Last month security researcher Troy Hunt reported that over seven million user accounts for the Minecraft community “Lifeboat” were compromised. According to Motherboard, Lifeboat didn’t bother telling its users about the potential issue — and how it may affect other accounts with similar credentials.

“When this happened [in] early January we figured the best thing for our players was to quietly force a password reset without letting the hackers know they had limited time to act,” said a Lifeboat representative, not clarifying to Motherboard when pressed why the company never informed its users. “We have not received any reports of anyone being damaged by this.”

But would they know if someone used those stolen credentials to log into someone’s email or social media or bank account?

Likewise, Brian Krebs recently criticized LinkedIn’s handling of its massive breach of user credentials. In 2012, LinkedIn discovered a data breach that it thought affected 6.5 million users. The company contacted those users to force a password reset. However, last week they discovered the breach actually impacted more than 117 accounts.

“Inexplicably, LinkedIn’s response to the most recent breach is to repeat the mistake it made with original breach, by once again forcing a password reset for only a subset of its users,” Krebs wrote.

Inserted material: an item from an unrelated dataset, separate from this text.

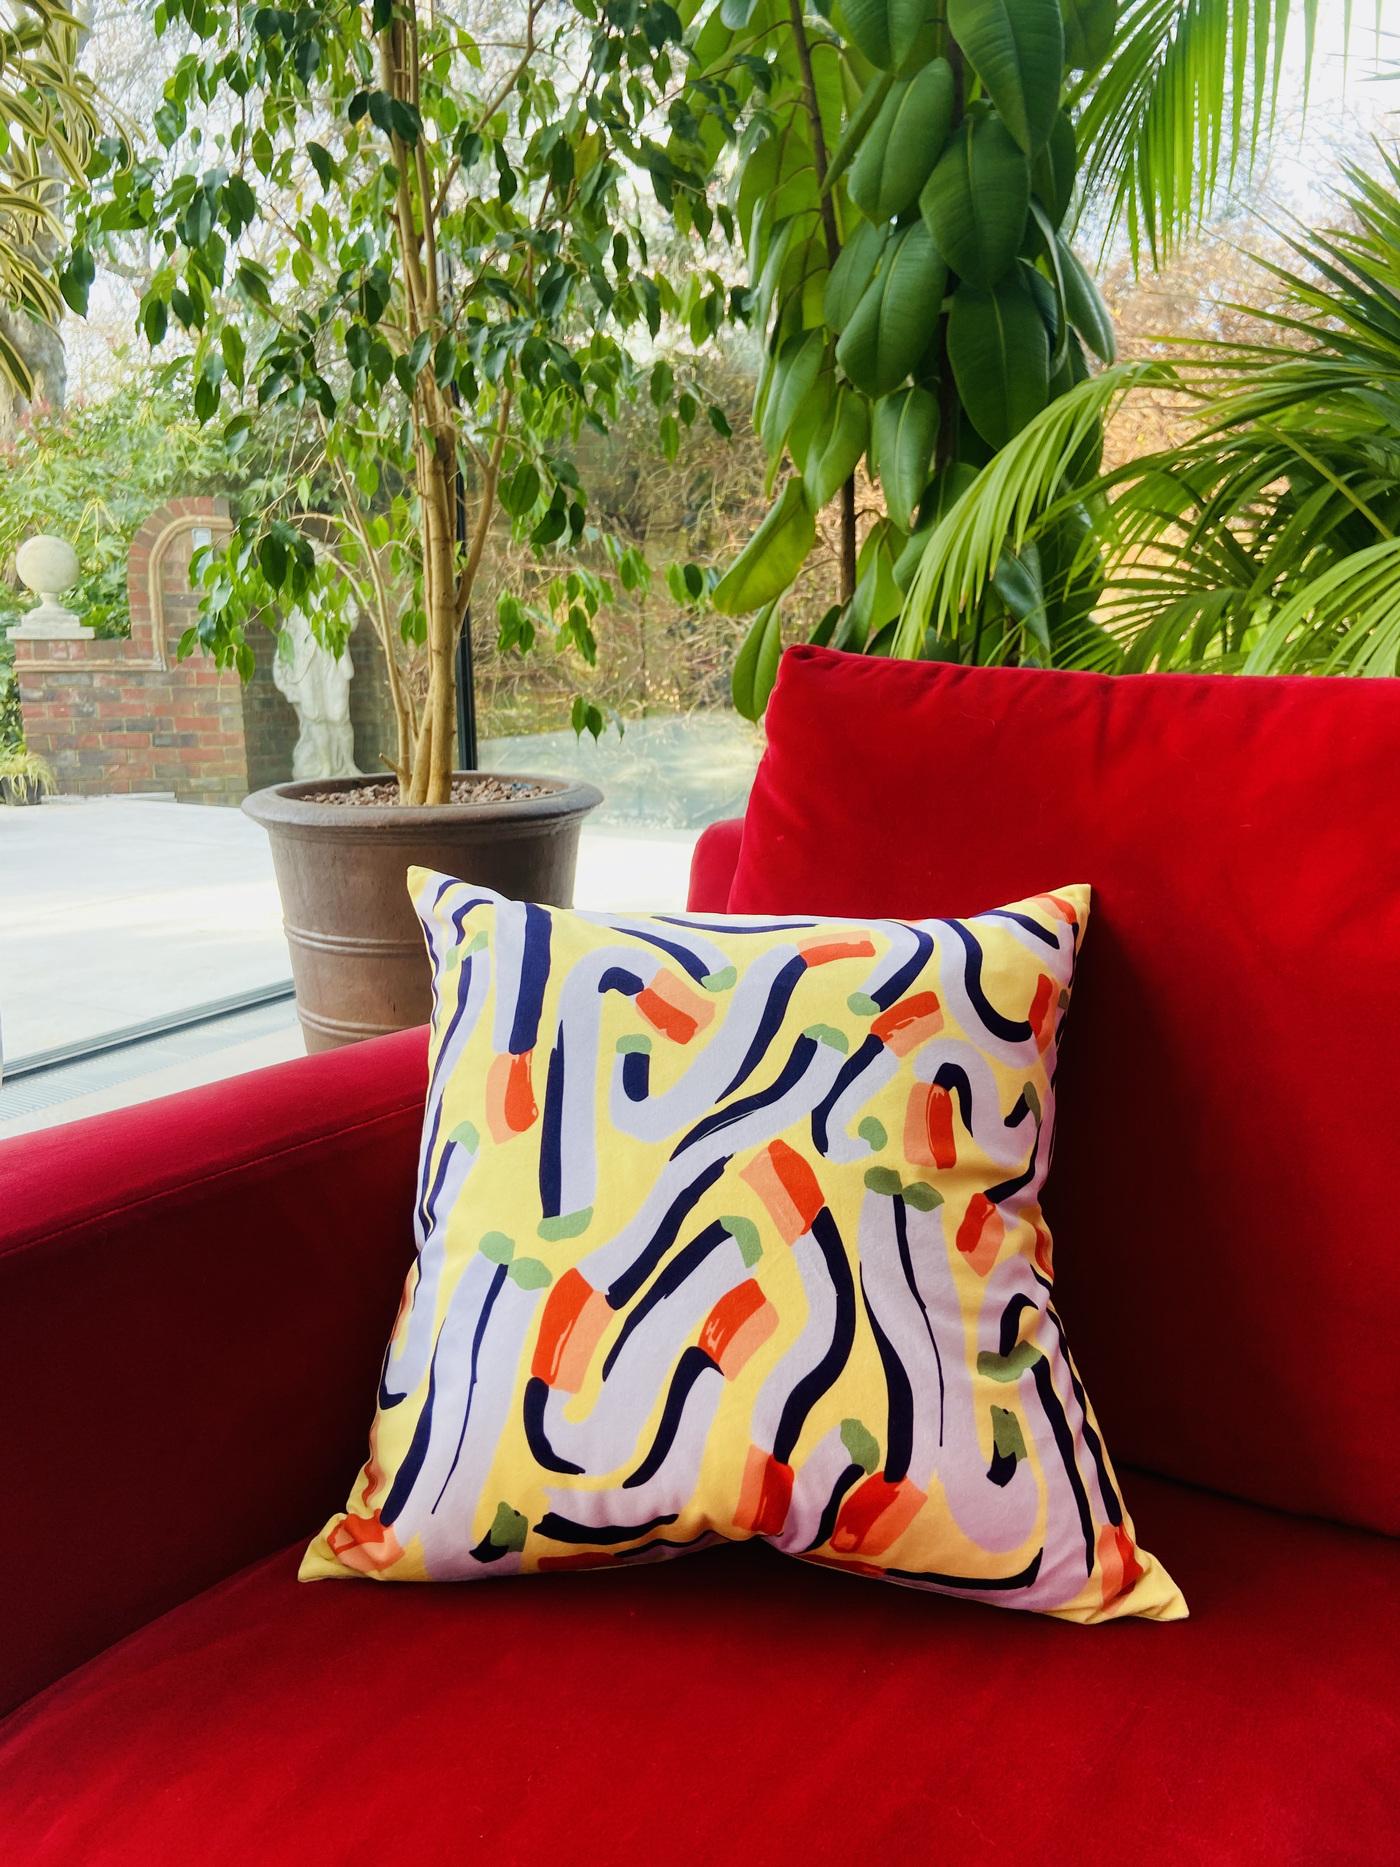 Anna Choutova - Yellow Cigarette Cushion Cover Velvet Cover Only45 cm x 45 cm
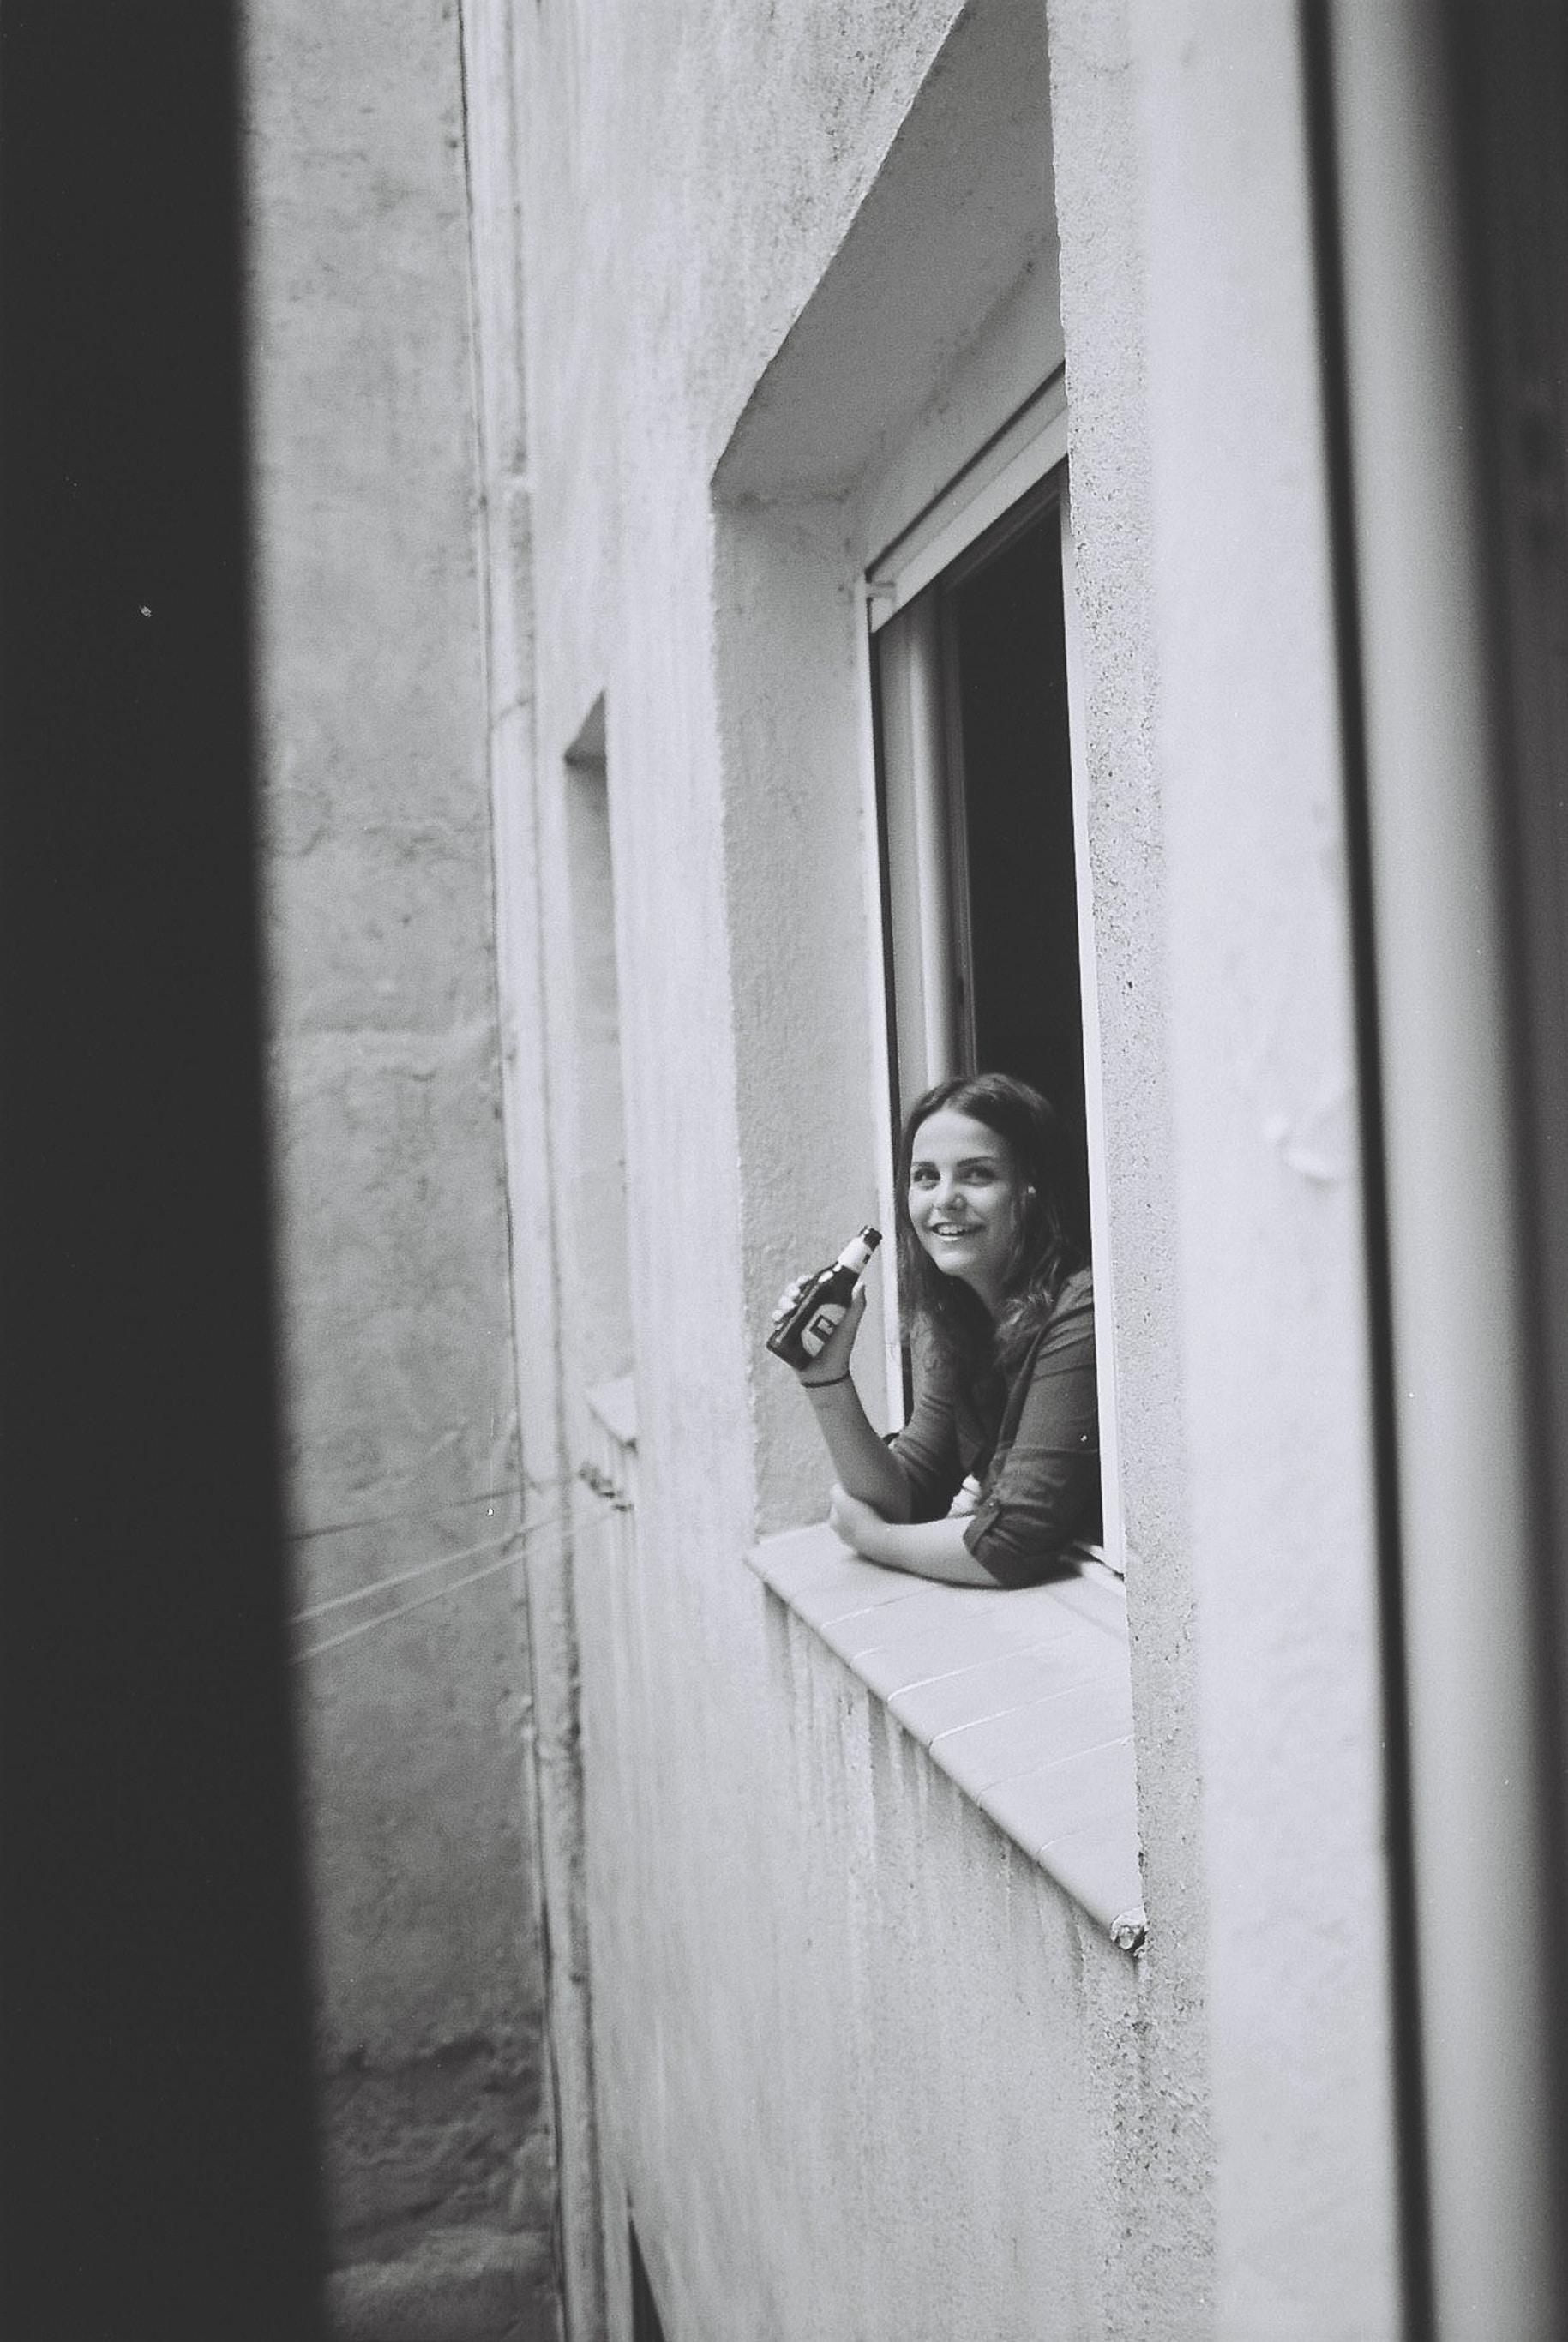 woman holding beer bottle on window

“We did at the time what we thought was in the best interest of our member base as a whole, trying to balance security for those with passwords that were compromised while not disrupting the LinkedIn experience for those who didn’t appear impacted,” LinkedIn spokesman Hani Durzy said in an email to Krebs about the 2012 incident.

But what about the more than 100 million potentially compromised credentials that may have been used for years without users even being aware they may have been stolen?

Looking Forward

There will always be a subset of users that reuse credentials, and those users will always be at increased risk of their accounts being hijacked. Unfortunately for companies, their names are often associated with a data breach or a hack even if it is an event driven largely by a combination of other organizations’ breaches and bad password habits.

Implementing additional layers of security such as two-factor authentication can help protect those customers. Or organizations can follow the lead of proactive companies like Amazon, which recently reset some users passwords after finding a list of leaked credentials online.

“While the list was not Amazon-related, we know that many customers reuse their passwords on multiple websites,” Amazon wrote to impacted users. “Since we believe your email addresses and passwords were on the list, we have assigned a temporary password to your Amazon.com account out of an abundance of caution.”

Until organizations get more proactive or force users to implement more layers of security, with so many stolen credentials available to cybercriminals, expect organizations to continue to make negative headlines due to these “non-breach breaches.”